◆ TASK STATEMENT ◆
For this exercise, write out the whole listing below exactly, omitting its images.

◆ DATA SEGMENT ◆
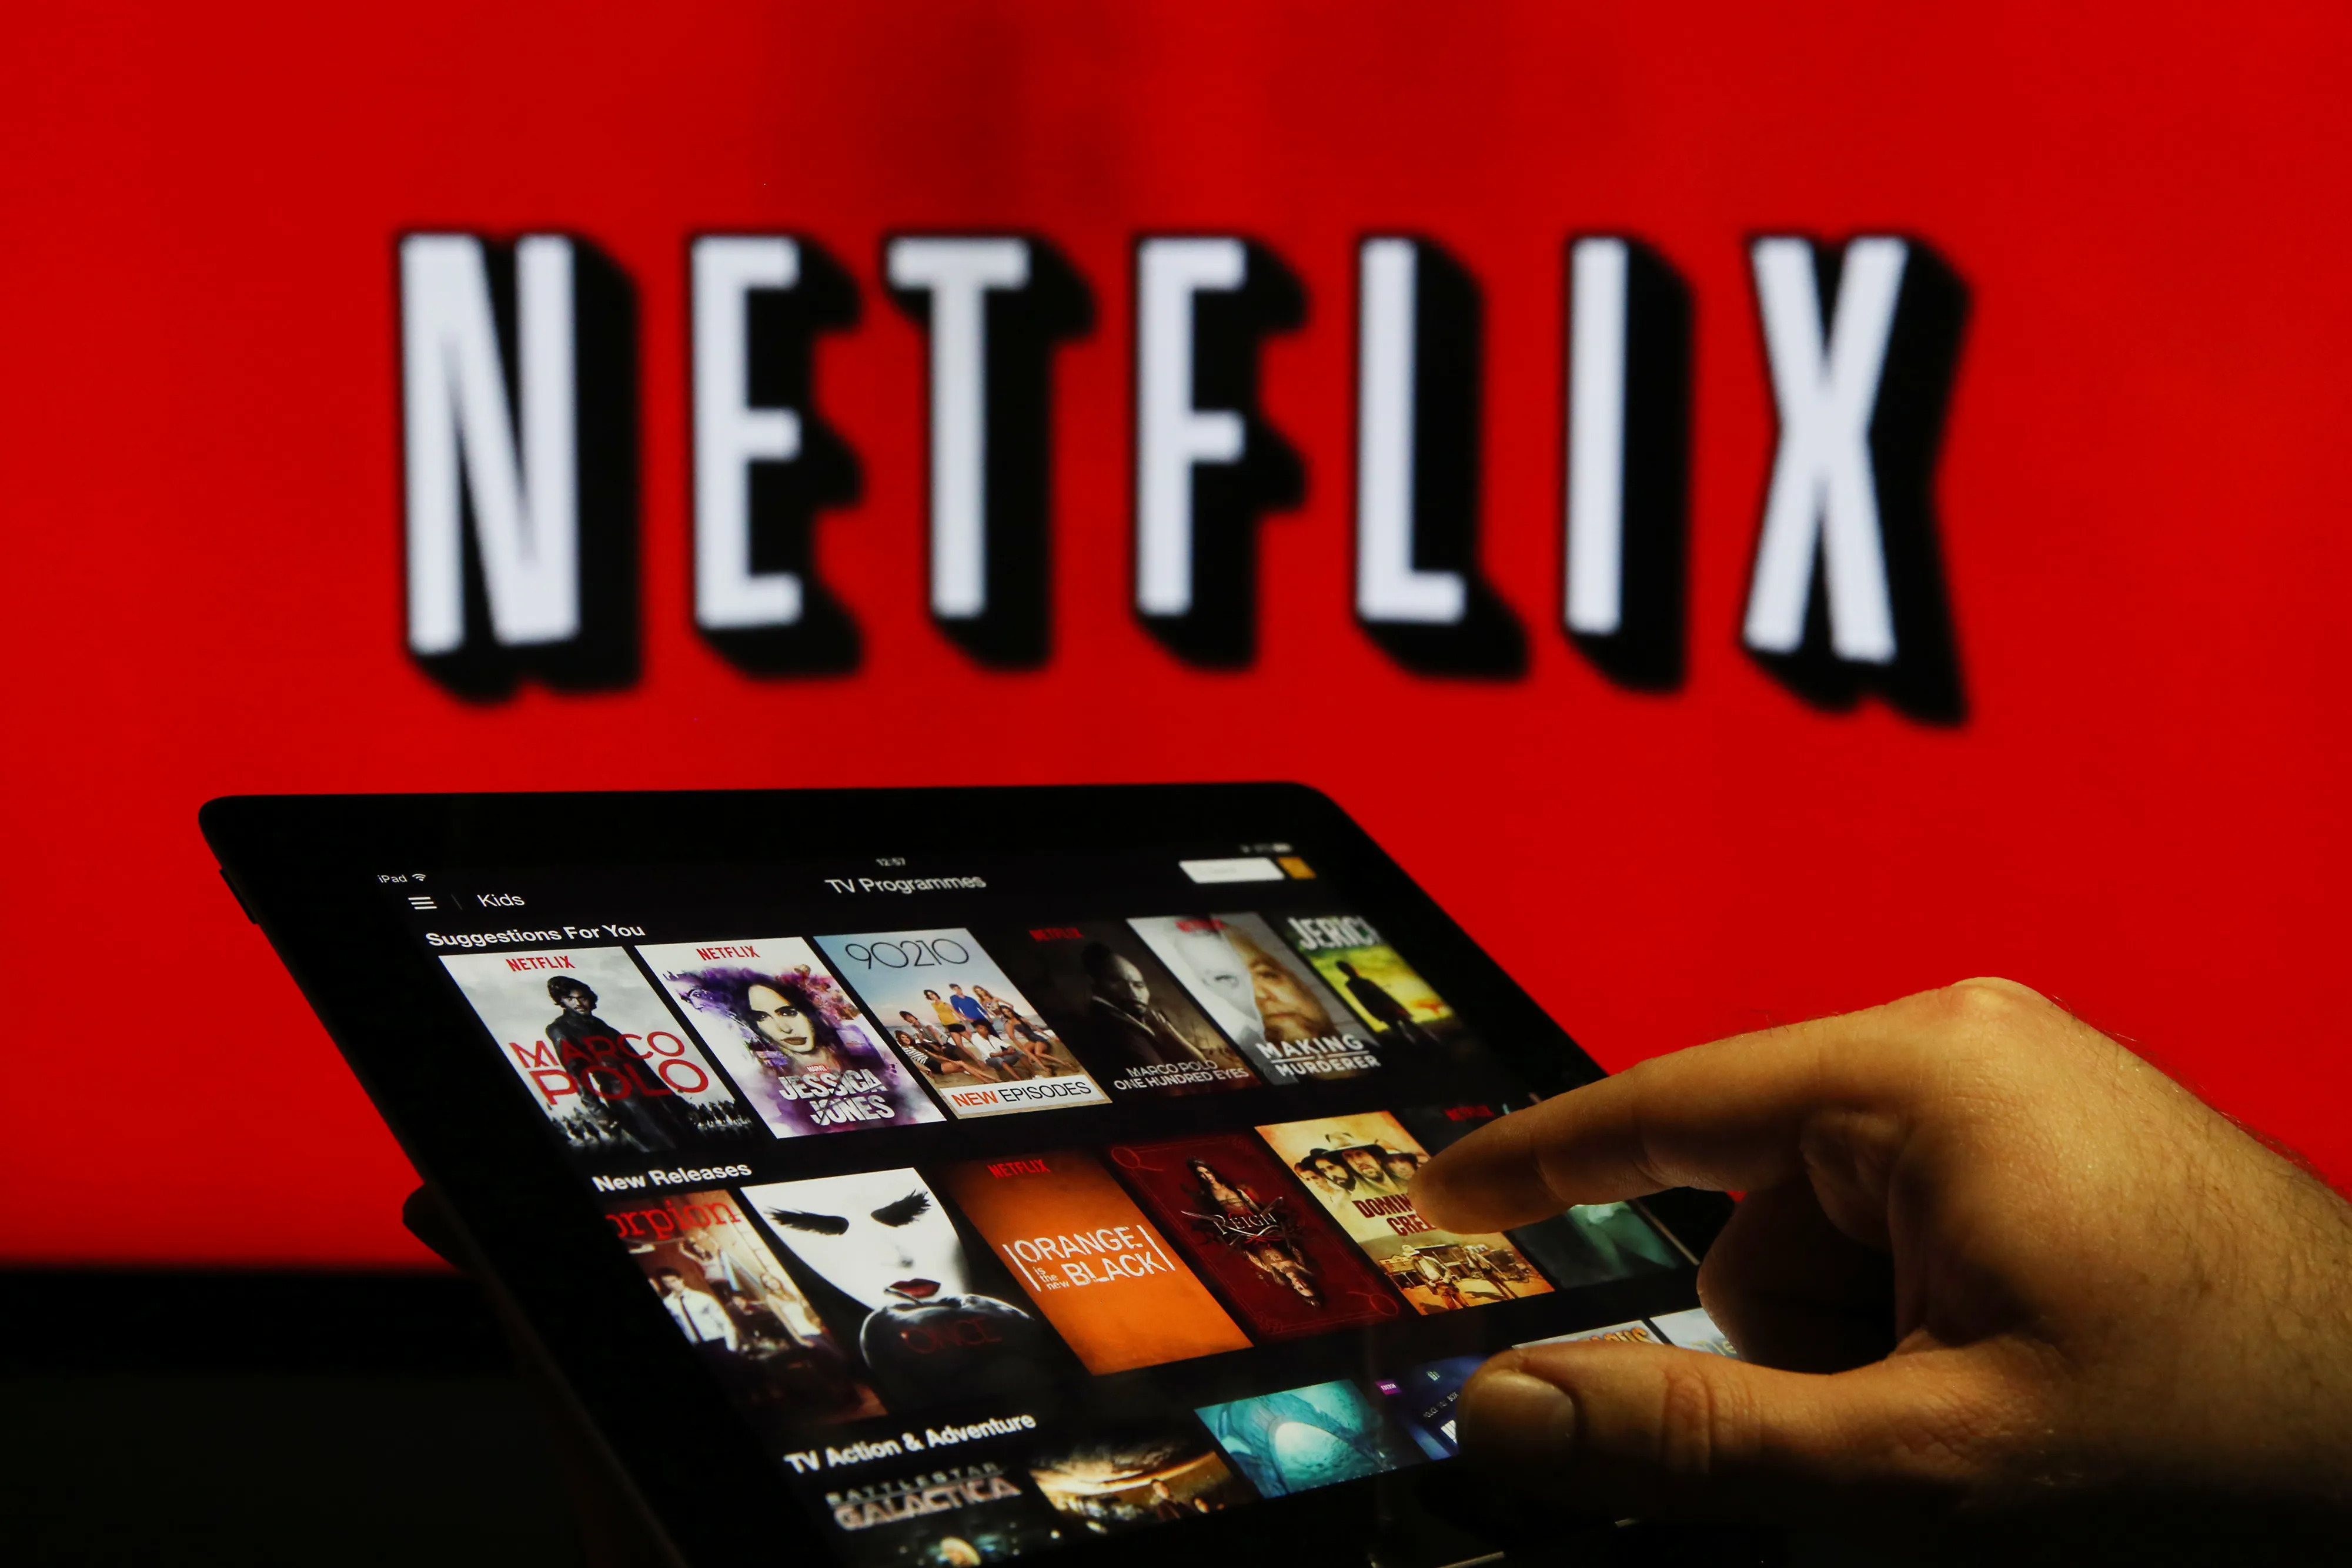 How To Download Netflix Movies On Ipad
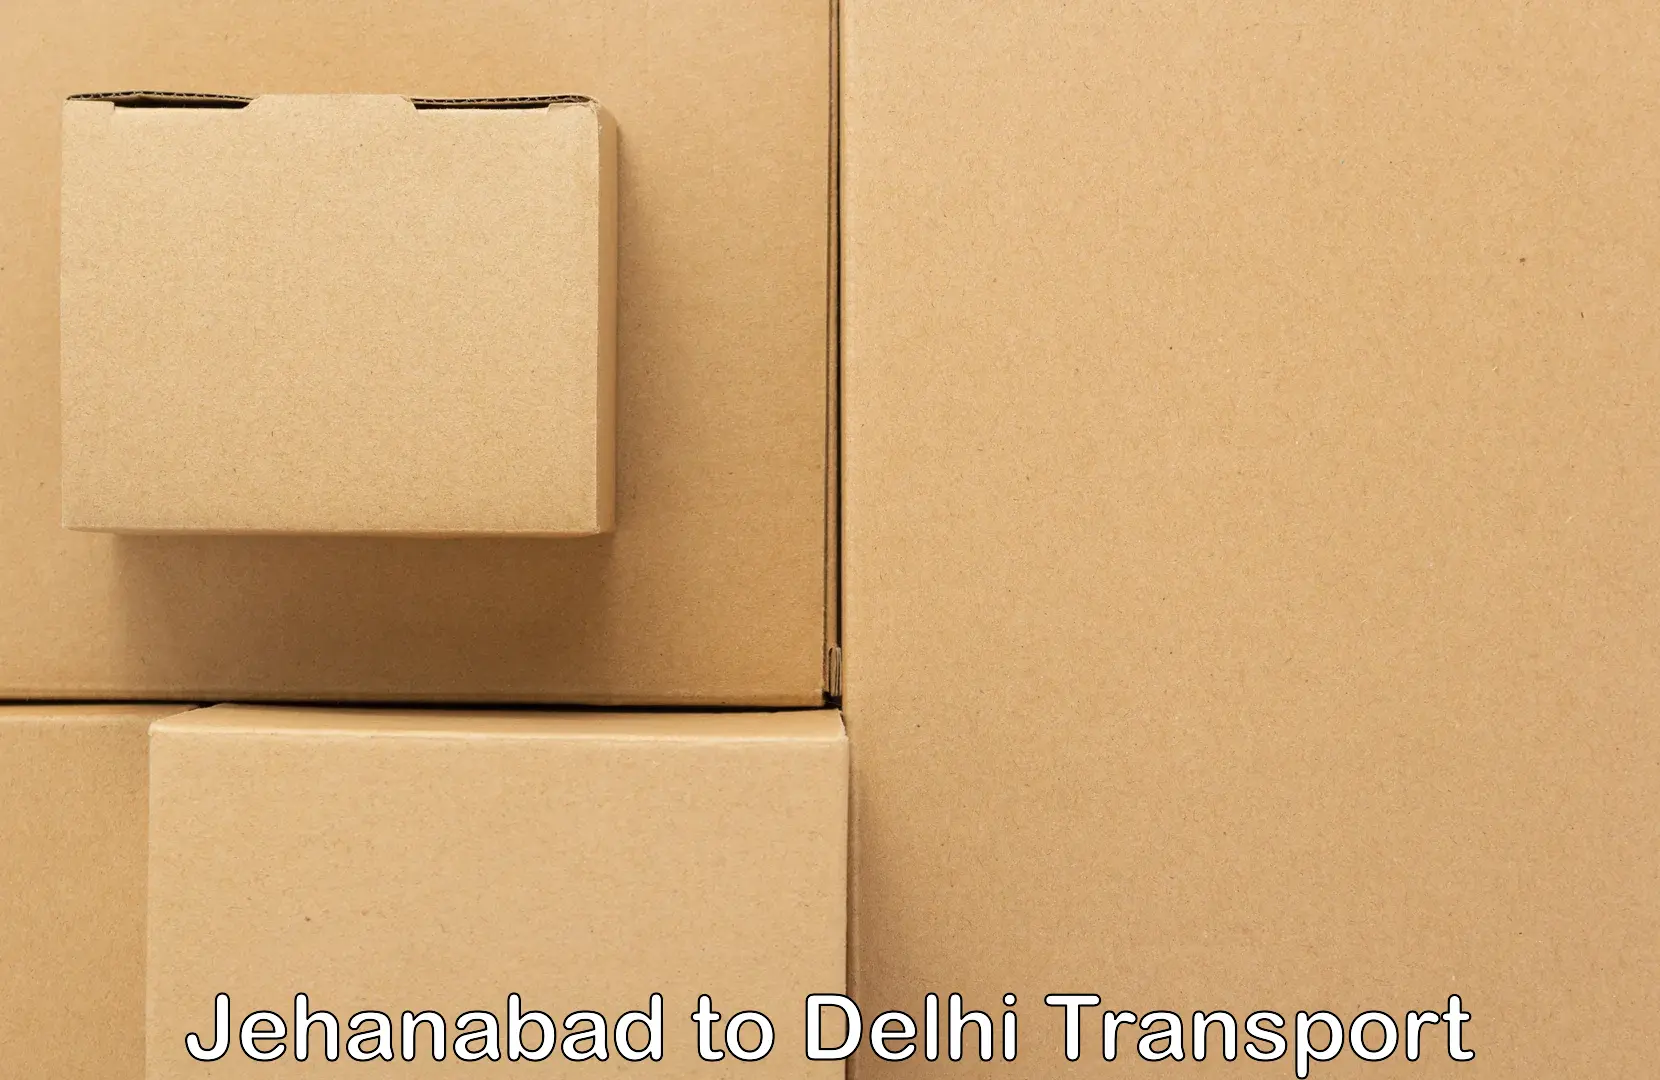 Online transport service Jehanabad to NCR
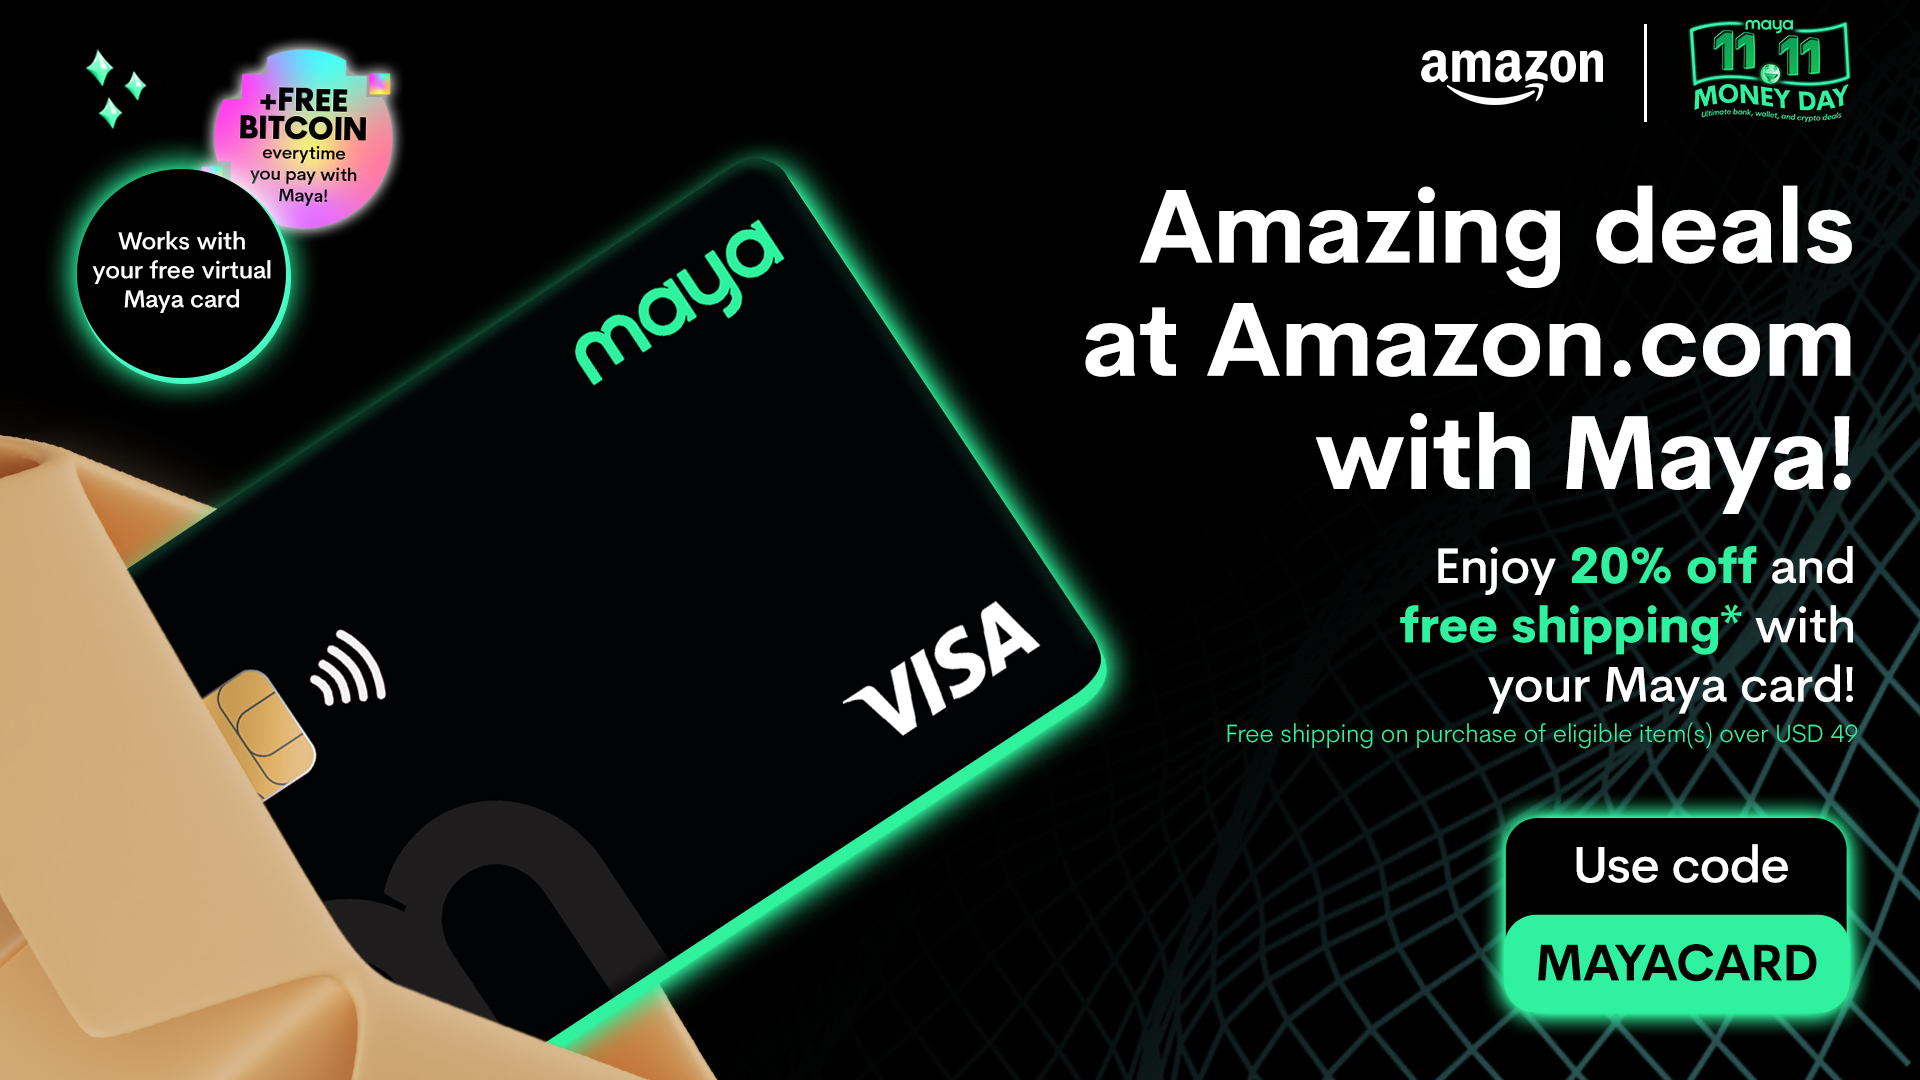 Get 20% OFF and FREE shipping on Amazon.com with your Maya card!

◆ OUTPUT ◆
 How To Download Netflix Movies On Ipad
 Online transport service Jehanabad to NCR
 Get 20% OFF and FREE shipping on Amazon.com with your Maya card!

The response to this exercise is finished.